Village in Northamptonshire, England

Ringstead is a village and civil parish in Northamptonshire, England, forming part of North Northamptonshire. It is located approximately 15 mi north-east of Northampton. At the time of the 2011 census, the parish's population was 1,461 people. The local primary school is situated next to St Mary's Church, which is host to the Ringstead Flower Festival.

==History==
The village's name means 'Ring place'. The meaning of the name here is obscure.

Ringstead was the birthplace of:
- William Tuttle, who settled in Charlestown, Massachusetts in 1636. His descendants number in the tens of thousands today. Notable among them are: Ernest Hemingway, Bob Newhart, Sinclair Lewis, Humphrey Bogart, Winston Churchill, Gerald Ford, Lester B. Pearson, Jonathan Edwards, O. Henry, Margaret Warner, Drew Gilpin Faust, Norman Rockwell & Annette Bening
- Alfred Roberts, the father of Margaret Thatcher.

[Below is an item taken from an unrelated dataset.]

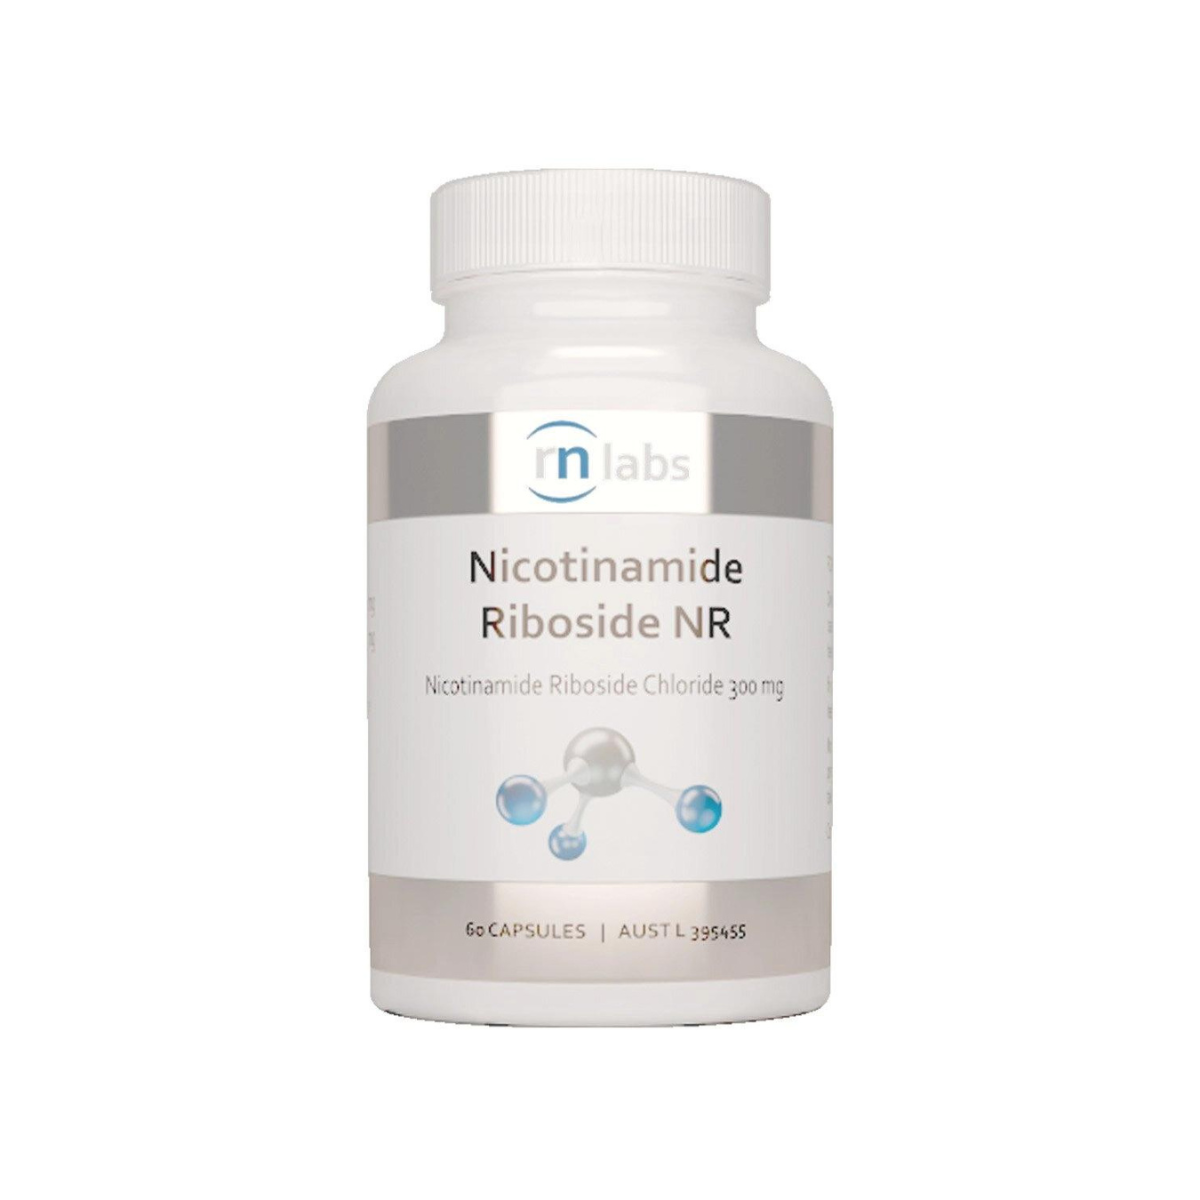 RN Labs Nicotinamide Riboside NR 60 Capsules

According to tradition, the entrance to St Mary's churchyard has been haunted by the ghost of a village girl, Lydia Atley, who disappeared in 1850. What were thought to be her skeletal remains were unearthed in 1864 in a local orchard; the village butcher, Weekly Ball, was tried for Lydia's murder but acquitted because it proved impossible to conclusively identify the skeleton as that of the missing girl.

During the 1980s, major sand and gravel excavations took place all around Ringstead leaving many man-made lakes and islands.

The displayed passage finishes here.